The Age (our beloved least worst local rag) always manages to find strange, ahem, right of centre writers to comment on “womens’ issues”.
Remember Virginia Haussegger? She wrote the sad article in 2002 accusing older, “purple-clad” feminists of overemphasising career to the detriment of her personal life, because none of them had remembered to tell her personally about fertility declining as you get older, the stupid old bags. (Did Virginia never go for a pap smear? Did it occur to her to ask a GP?)
Anyways, as I conducted my usual exhausting, no-expense-spared research for this post (Google, only fingers moving) I came across proof that at least one feminist did tell Virginia about the use-by date on her ovaries. Jane Caro, the convenor of Priority Public, spelled it out for her while on holiday in 1987. Did she listen? No.
Now, in the interests of fairness, Hausegger does occasionally make some sense on the occasions she turns from feminist-bashing to actual work-life balance issues. But in this latest confused outpouring, Hausseger reckons Australian feminists “hate” Maureen Dowd because they can’t handle the uncomfortable truths in her pot-boiler “Are Men Necessary?” This is because they are horrible. They “sharpen” their “squints”, their “claws are out”. Meow!
If Virginia had just let her fingers do the walking, like me, she would find plenty of American feminists who don’t like “Are Men Necessary” either. One woman’s “sassy” is another woman’s “mind-blowing stupidity“.
Virginia’s Haus style seems to consist mainly of a series of bald assertions, none of them backed up by any empirical evidence, most pertaining to a small substratum of society to which she belongs (we used to call them “yuppies”)… and some of which are simply off the planet.
Dowd’s razor-sharp depiction of women who choose to parade their breasts instead of their brains (in order to enjoy the greater rewards), and who have ditched old-fashioned aspirations of gender equality for slut-culture supremacy, is just too much of an insult to delicate Australian feminist sensibilities.
Who-kicked-who-in-the-what-now?… Is she being wittily tongue in cheek but just getting the tone wrong? Is she drunk? Old-fashioned aspirations of gender equality? Maybe it’s because I haven’t read Dowd’s book that I don’t even get what she is trying to say here – but the idea of an opinion piece/book review is to present your ideas clearly enough that that shouldn’t be required in order to understand your point. And the idea that if you don’t embrace Slut Culture you’re a gimlet-eyed, punishing old Puritan feminist, well, how many times has that poor old worn-out thing been around the track?

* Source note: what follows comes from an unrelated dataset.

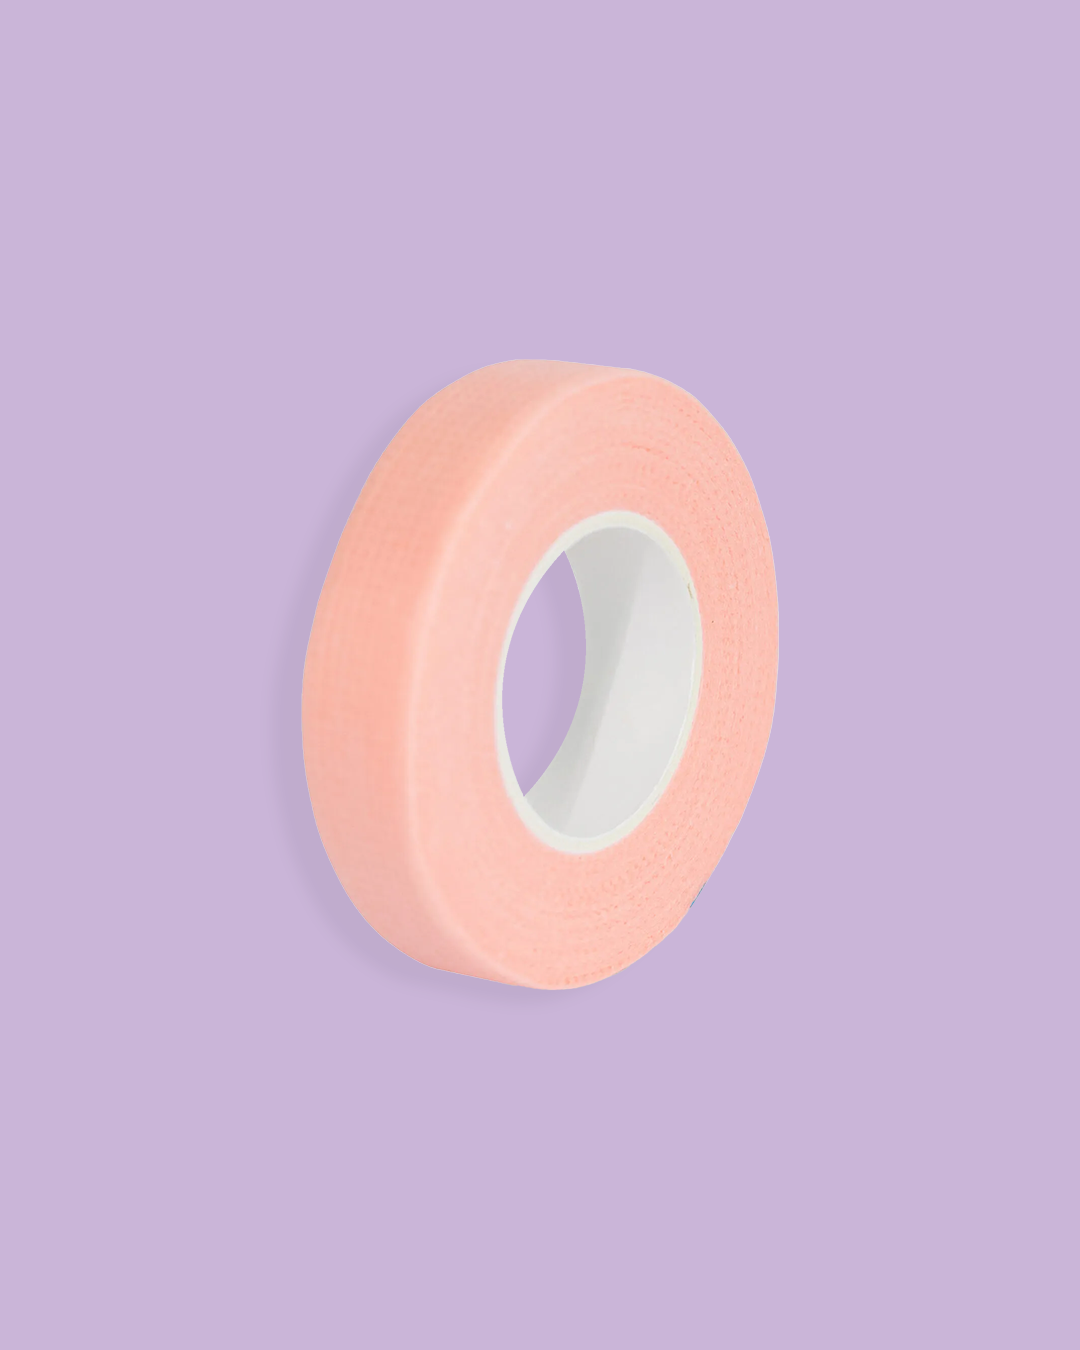 Buff Basics - Microporous Tape - Pink

I’d be here all day if I tried to analyse the whole mess, and other people have already called her on her cherrypicking other writers ‘ arguments, but one of the most annoying themes is the distaste she shows for “empirical evidence” and her attempt to have it both ways. In the same breath, Australian feminists are judging Maureen Dowd completely on her presentation and persona rather than “ruminat(ing) on the argument”. They “go for the girl”. (I must say, there’s nothing I find so empowering as having a 54 year old woman referred to as a “girl”.) Then she tries to say they’re ruminating too much on the argument. They’re actually asking for evidence… and layers of complexity! The bitchez.
Dowd… is about to experience first-hand our naive lack of humour and tortured desire for layers of complexity.
Well, damn those layers of complexity!
Winnie Salamon was at pains to point out that as Australian women “we need discussion that is meaningful”. Dowd’s playful suggestion that all men will be infertile in 125,000 years, and possibly extinct in 10 million years, was not complex enough for Salamon, whose hunger for serious empirical data found this undignified romp through the “Y chromosome” all a bit “kitschy and futuristic”.
Damn those empirical data! We should be able to have feminist books without all that hard, unfeminine thinking stuff, boop-boop-a-doop!
Enough of that. Now I’m off to sharpen my squint.